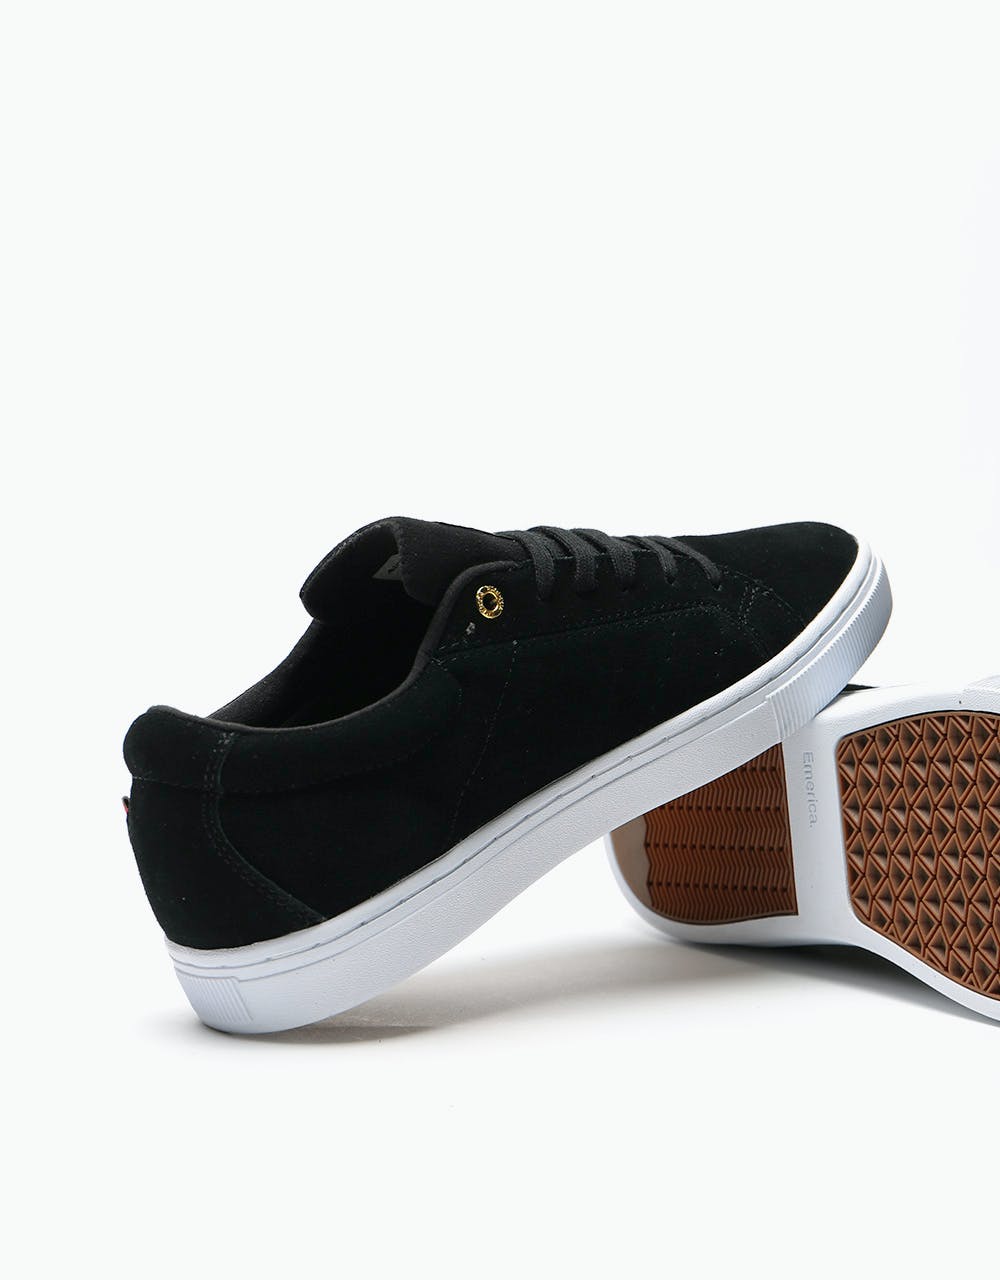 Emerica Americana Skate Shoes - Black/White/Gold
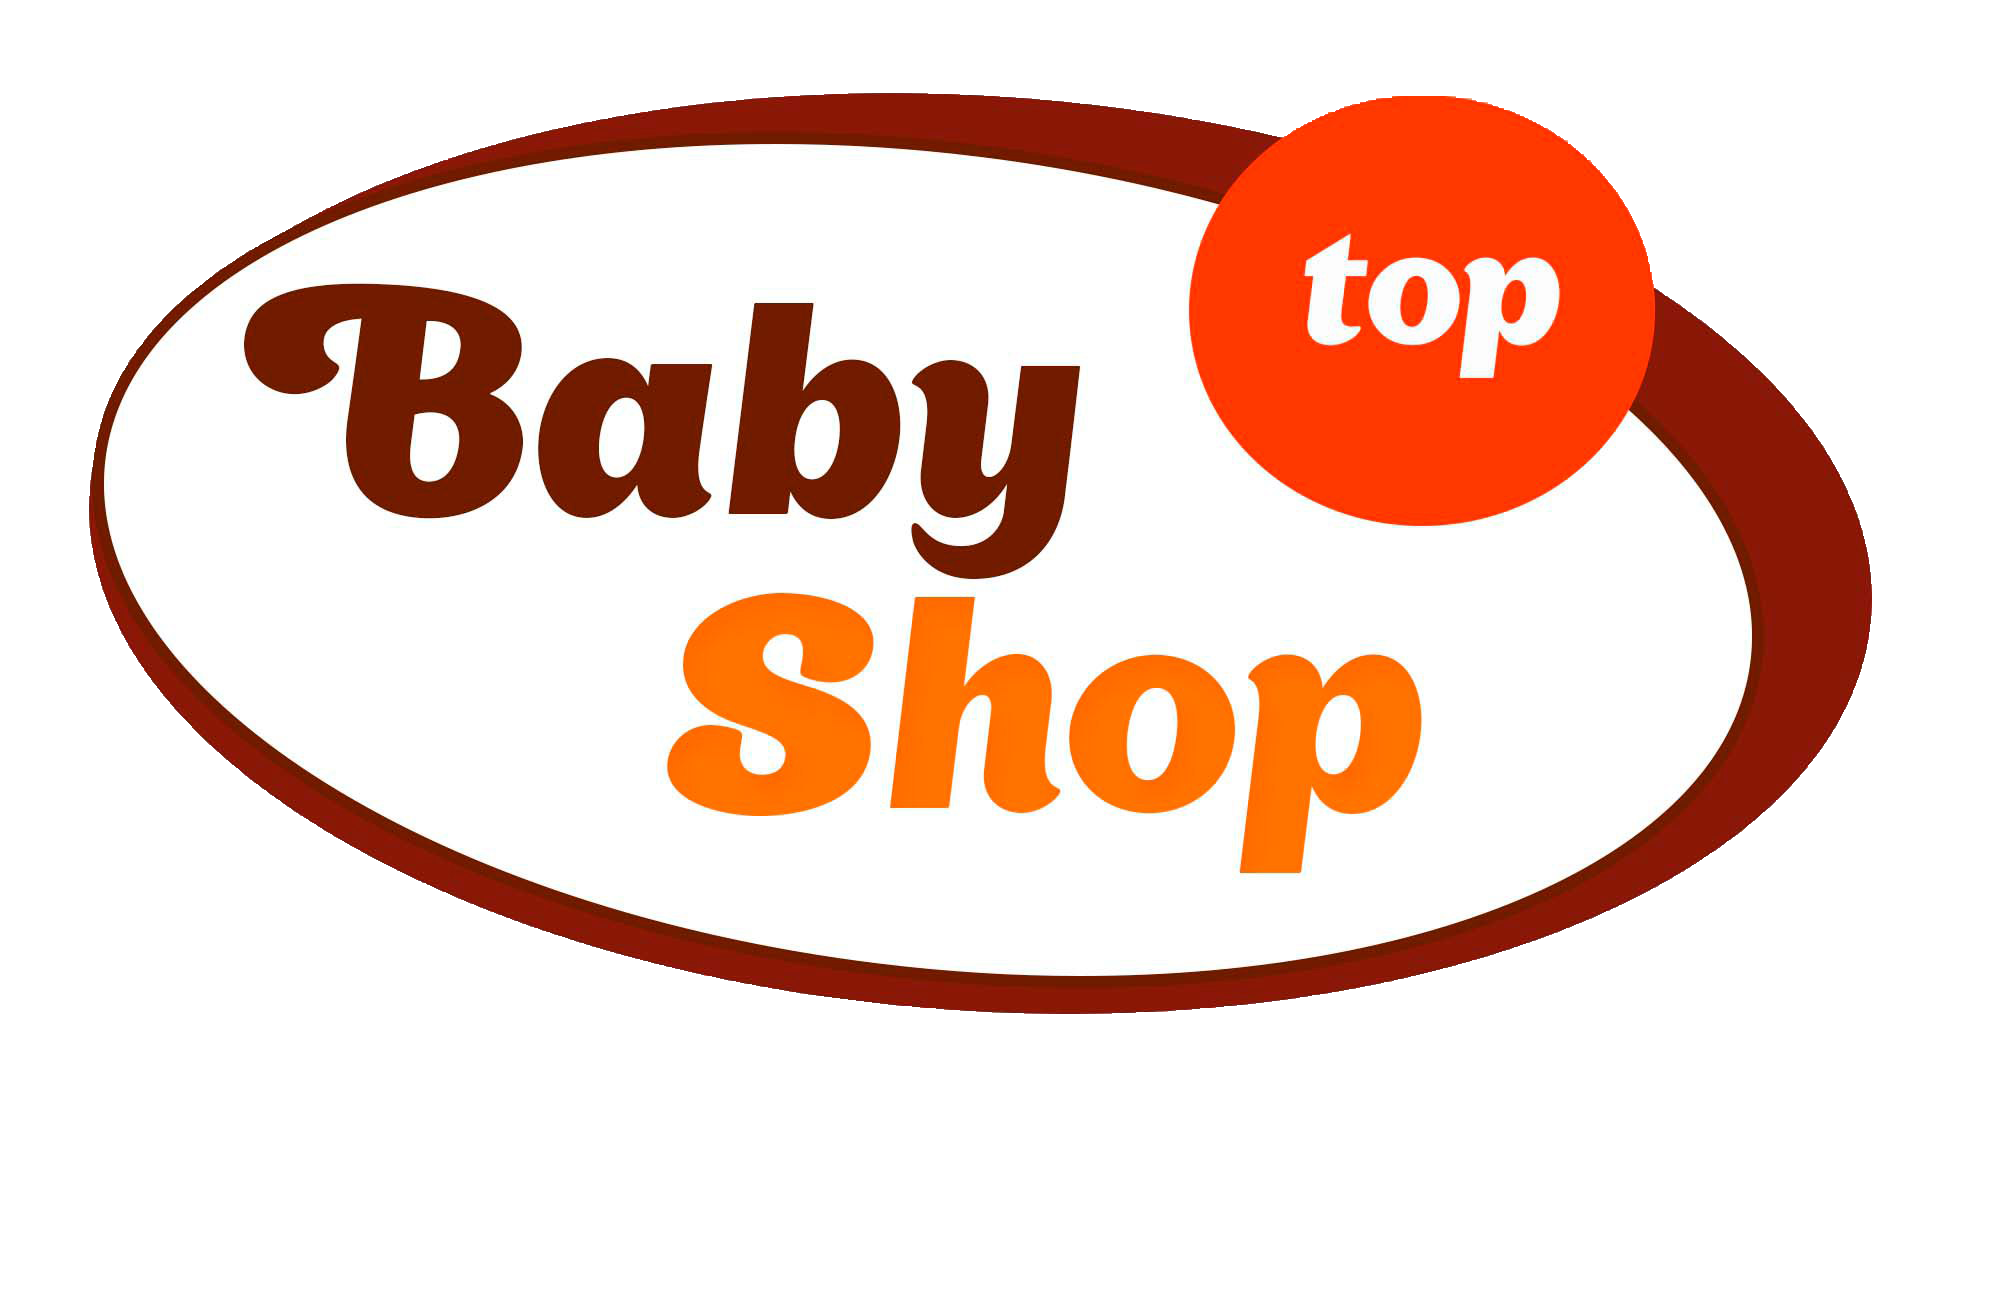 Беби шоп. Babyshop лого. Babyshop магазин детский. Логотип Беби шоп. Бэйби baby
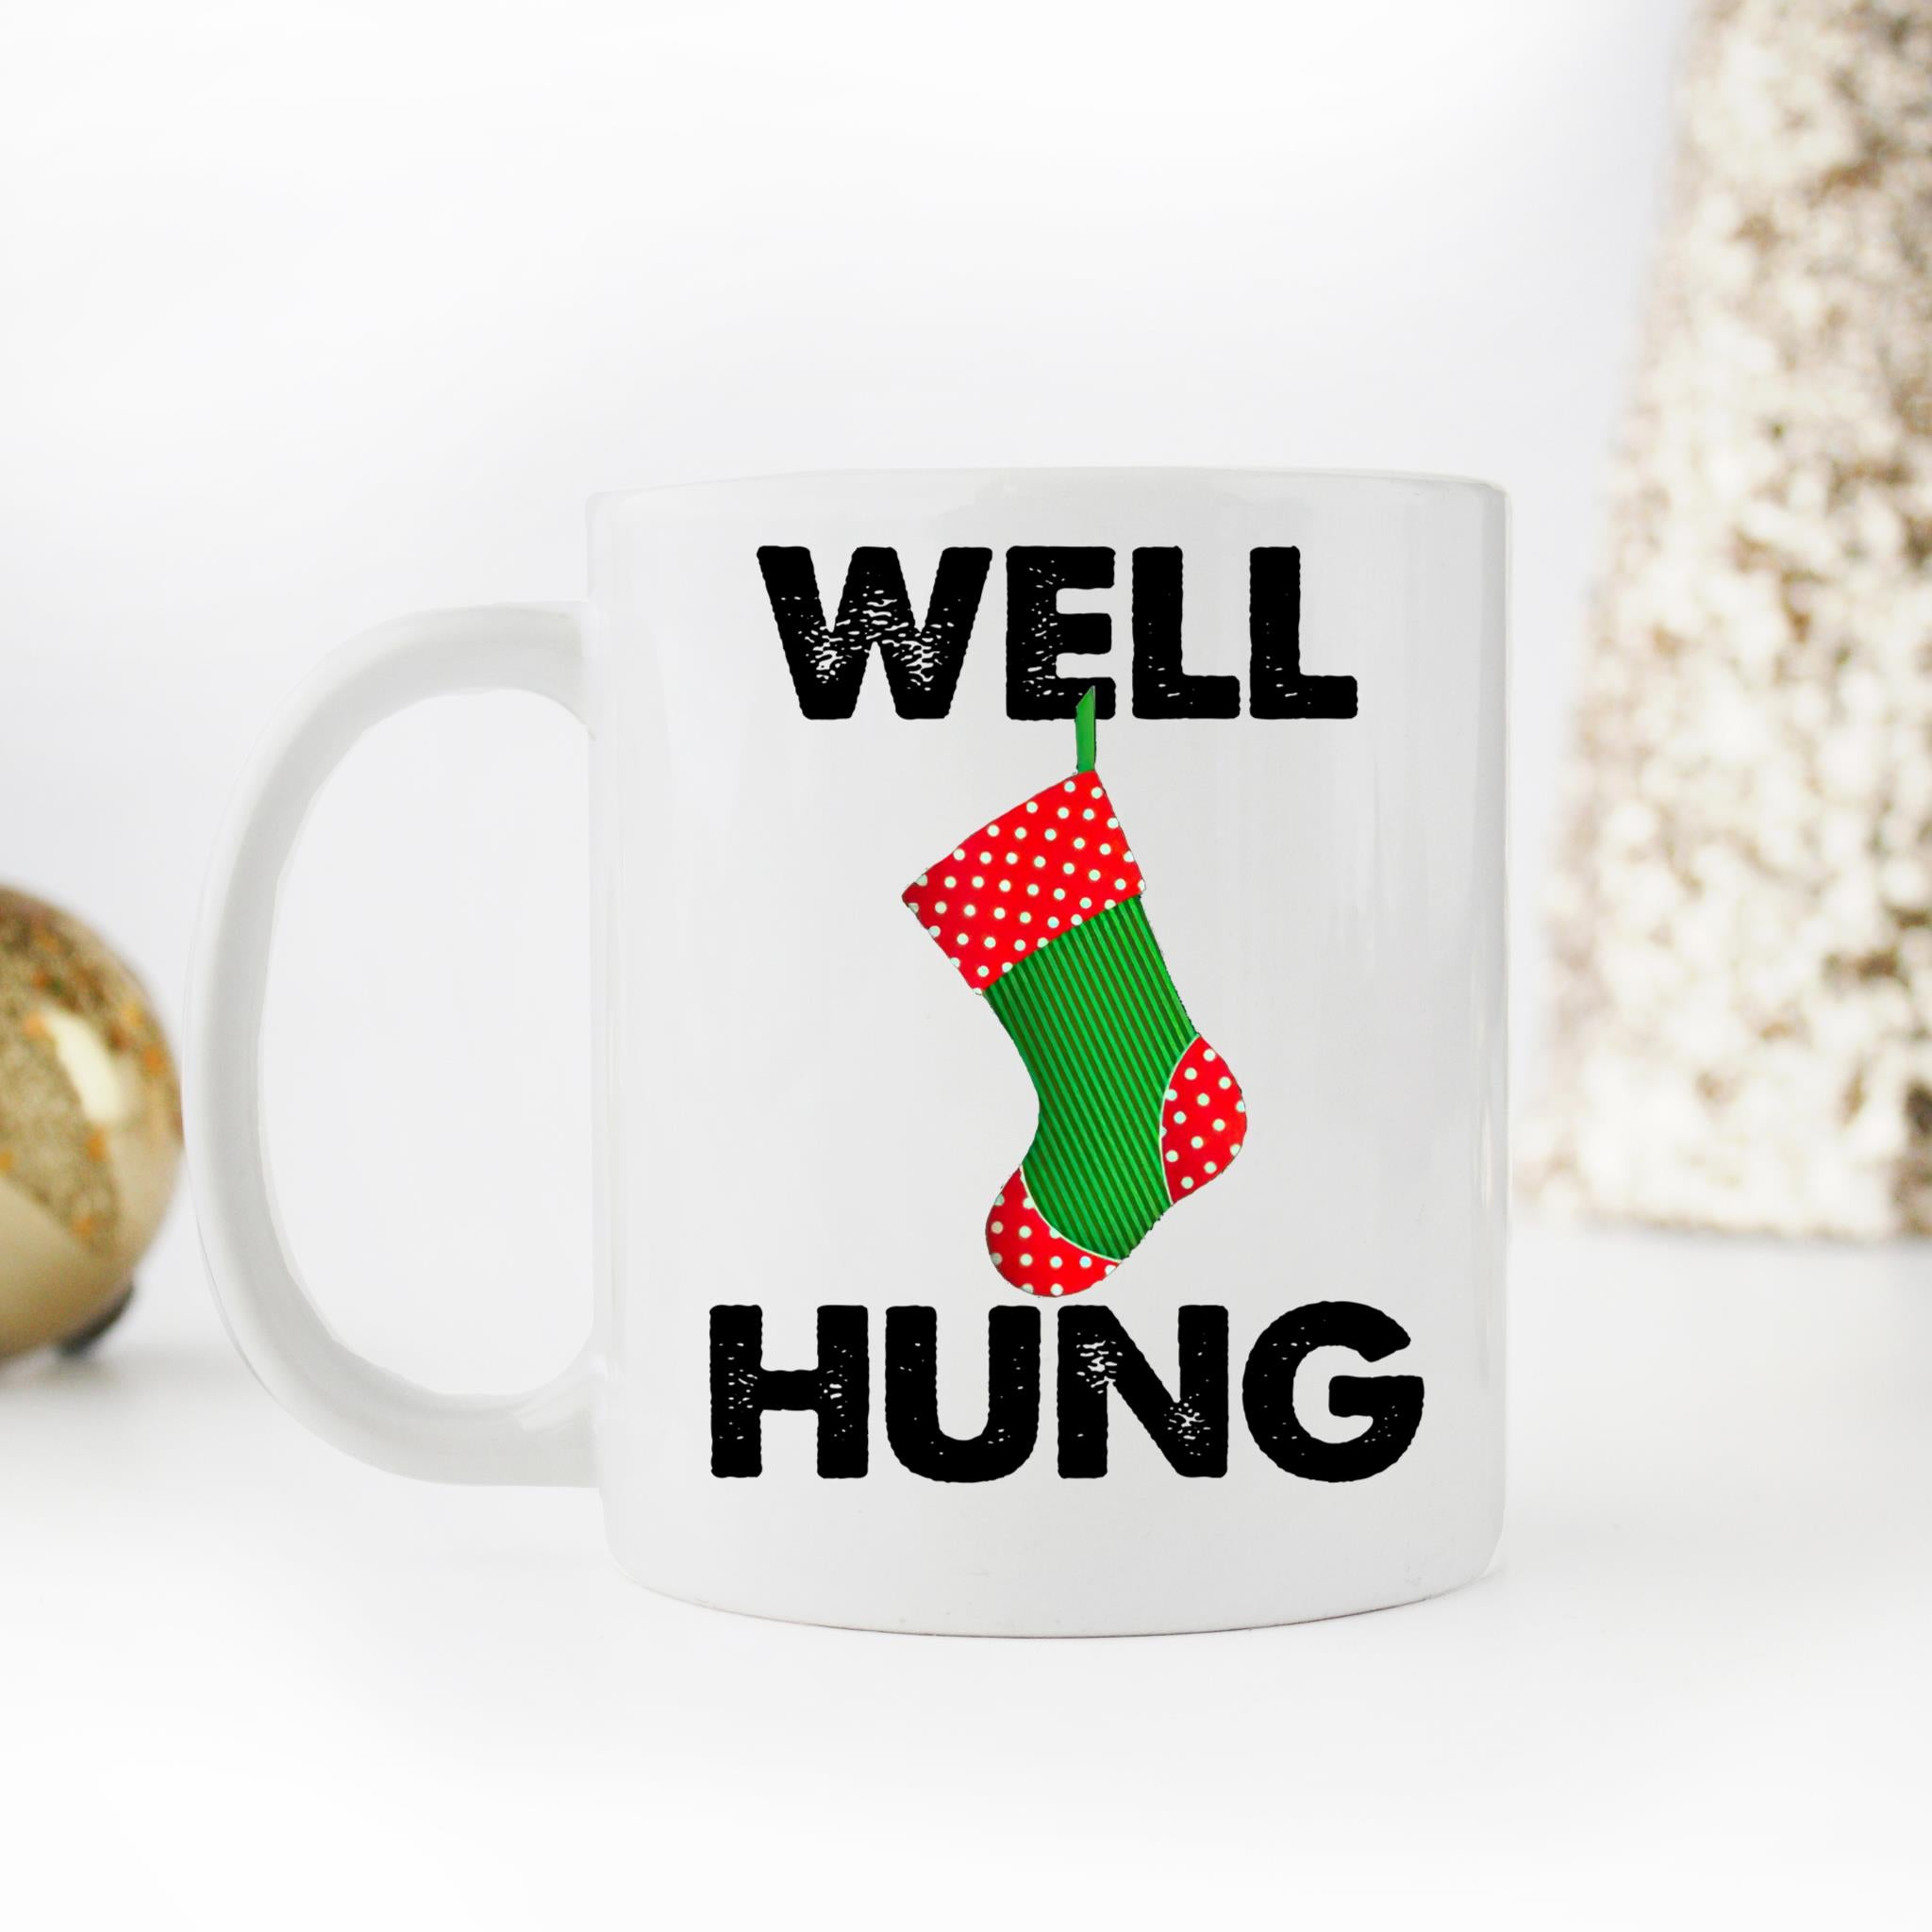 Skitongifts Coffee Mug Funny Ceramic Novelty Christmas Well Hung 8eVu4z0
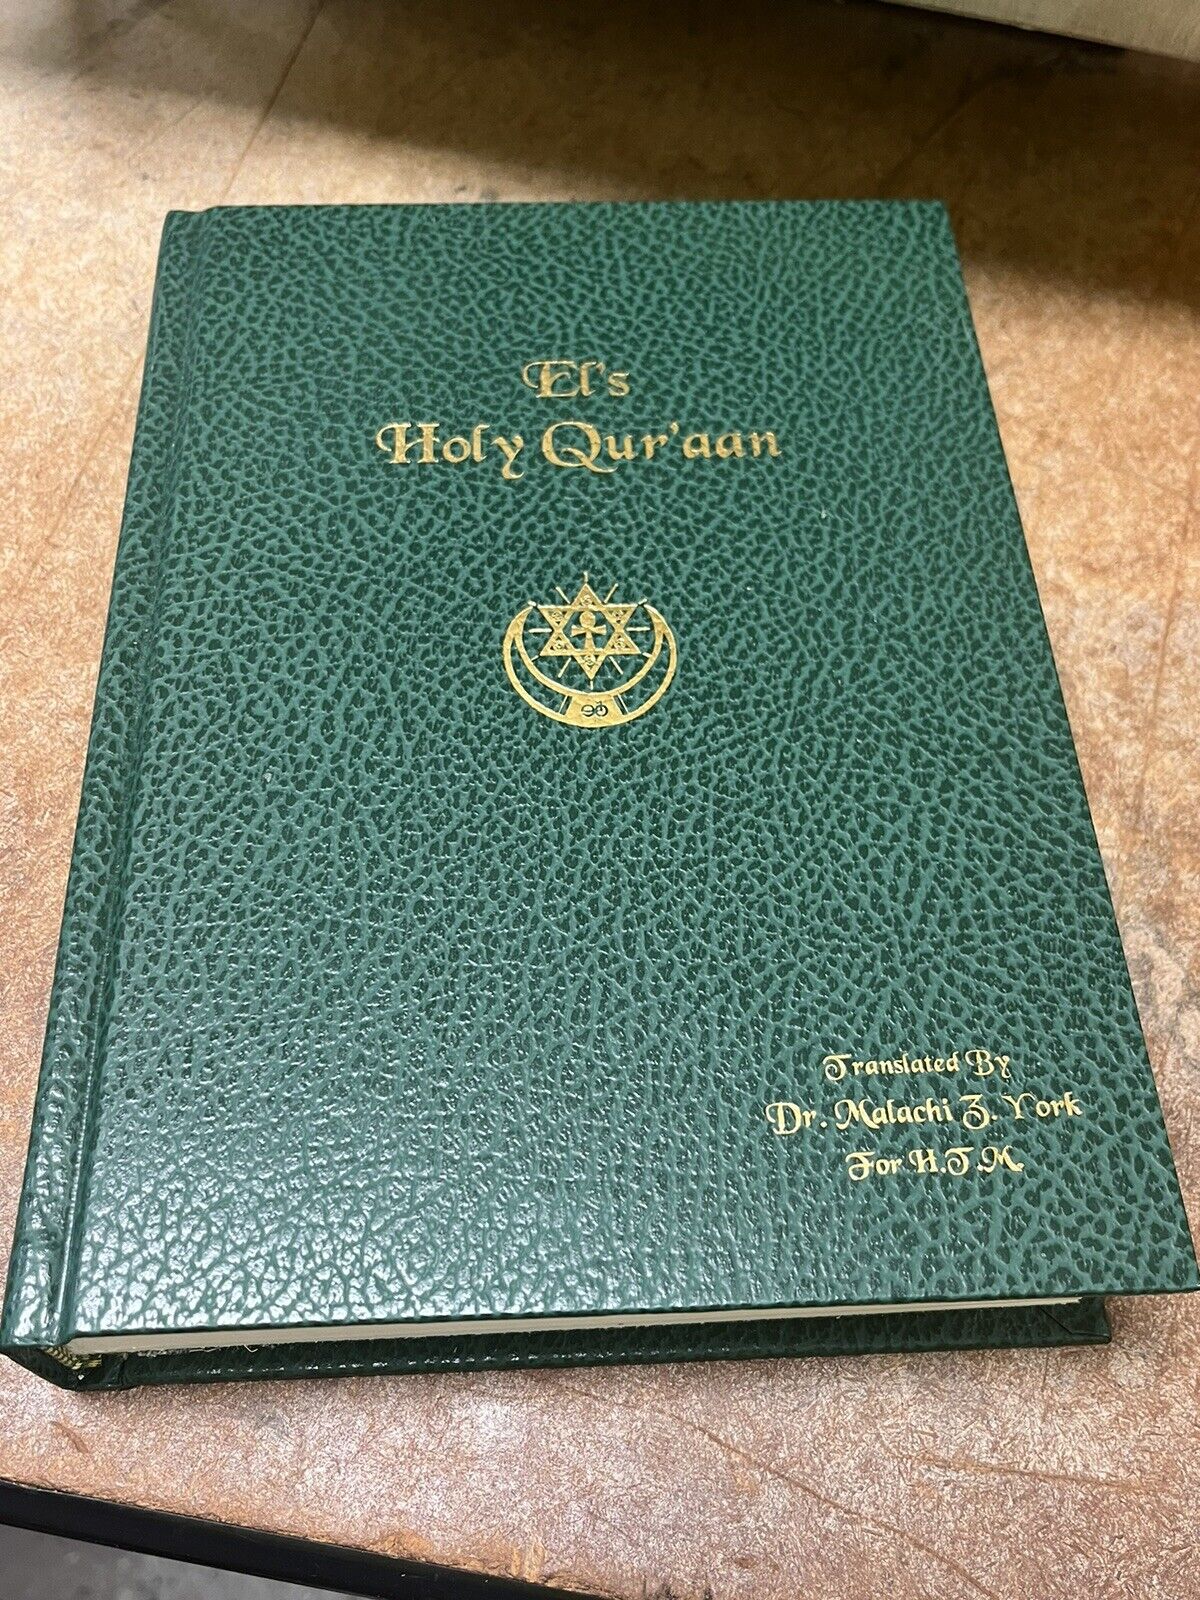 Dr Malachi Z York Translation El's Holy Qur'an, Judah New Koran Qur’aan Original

*-*-*

- [What is needed] Reproduce the material above exactly, but only from the line with "Беби шоп. Babyshop" through its last line, leaving pictures out.

- [Solution to this exercise]
 Беби шоп. Babyshop лого. Babyshop магазин детский. Логотип Беби шоп. Бэйби baby
 Skitongifts Coffee Mug Funny Ceramic Novelty Christmas Well Hung 8eVu4z0
 Dr Malachi Z York Translation El's Holy Qur'an, Judah New Koran Qur’aan Original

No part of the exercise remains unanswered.